Suzanne Dana's Blog

Monday, March 23, 2009

Market Assessment....for today

Now that Spring has arrived, we see new activity in the local market. The $8,000 first-time homebuyer credit (anyone who hasn't owned in 3 years also qualifies) and low interest rates have started a flurry of interest in homeownership. With home prices down and the interest rates at all-time lows, this is the perfect time for Buyers.

Homeownership continues to outstrip most other investment opportunities. Historically, the value of homes nationally has increased at a n average rate of between about 5 and 6% a year. If you look back to the 1980's in five year increments, you will see averages around the 25% range + or - 2%. However, in the period between 2000 and 2006 there was an unprecidented increase---not 28%-- not 30% or even 50%, but almost 89%!
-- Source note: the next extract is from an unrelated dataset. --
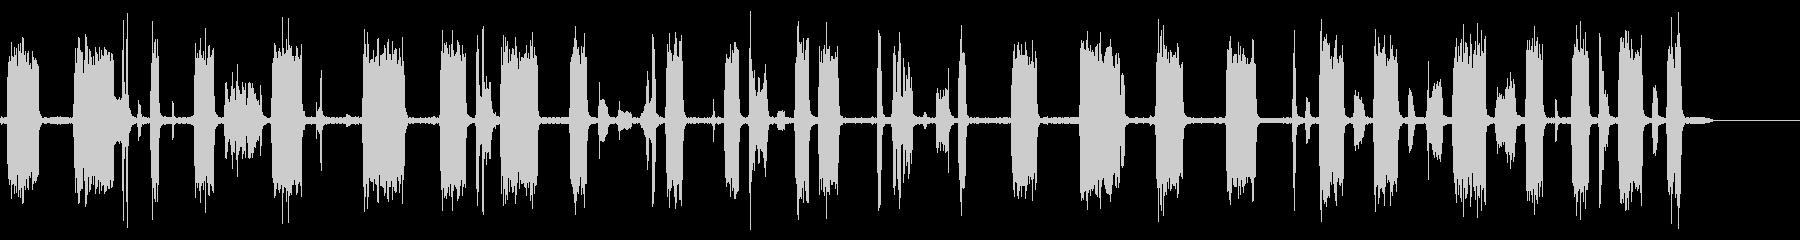 テレビスキャン2で調整するの未再生の波形

An increase of this magnitude should have sent up red flags, but our entire economy was in an unprecidented boom, so we were all happy to believe that this might be a "new norm." Well, it is not and our markets have suffered as we deal with the necessary correction.
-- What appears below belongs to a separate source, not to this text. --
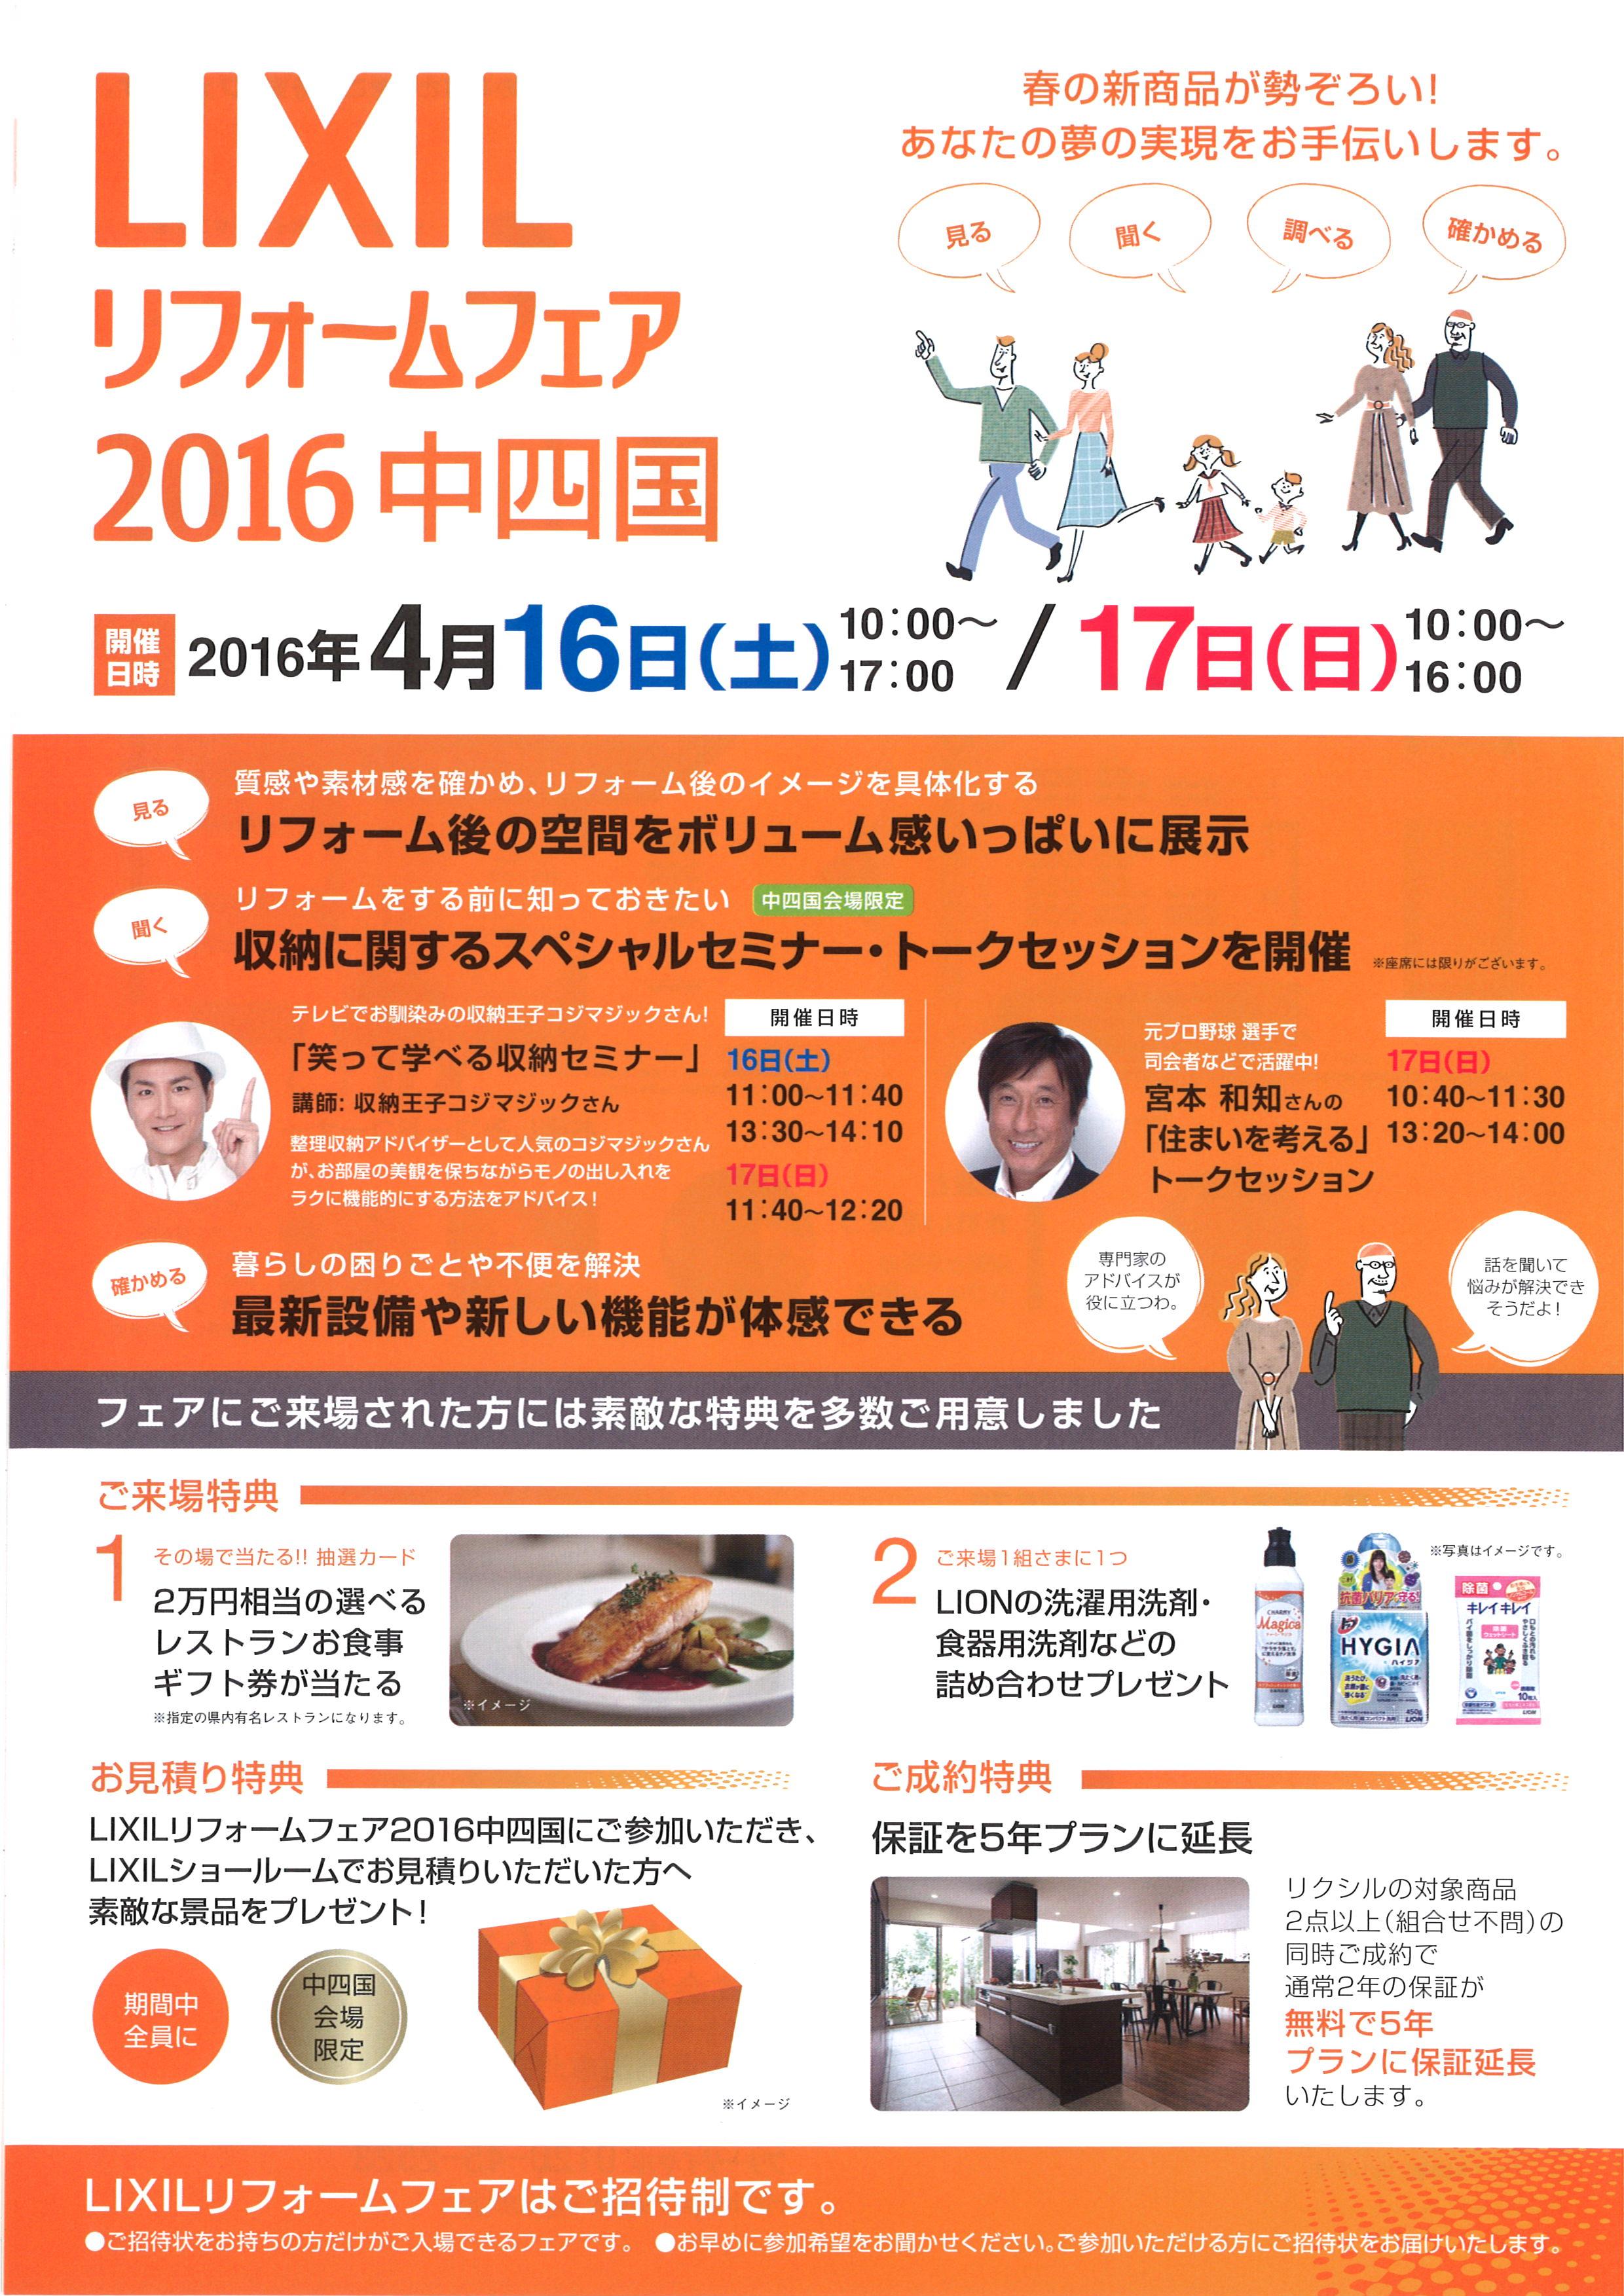 リフォームフェアチラシ裏 (2).jpg

Sellers who have owned their homes for awhile will still be in great shape if they want to sell. They just have to remember that what homes sold for in the past few years was an anomaly. It really is only those who bought in the last few years financed at close to 100% of the value or took out interest only loans and have not paid down the principle on their loans who are in dire straights if they need to sell. For these folks it might just be that their home's current value is below what they still owe!---Of course, changes in administration policies take place daily and there may be hope for people caught in this predicament.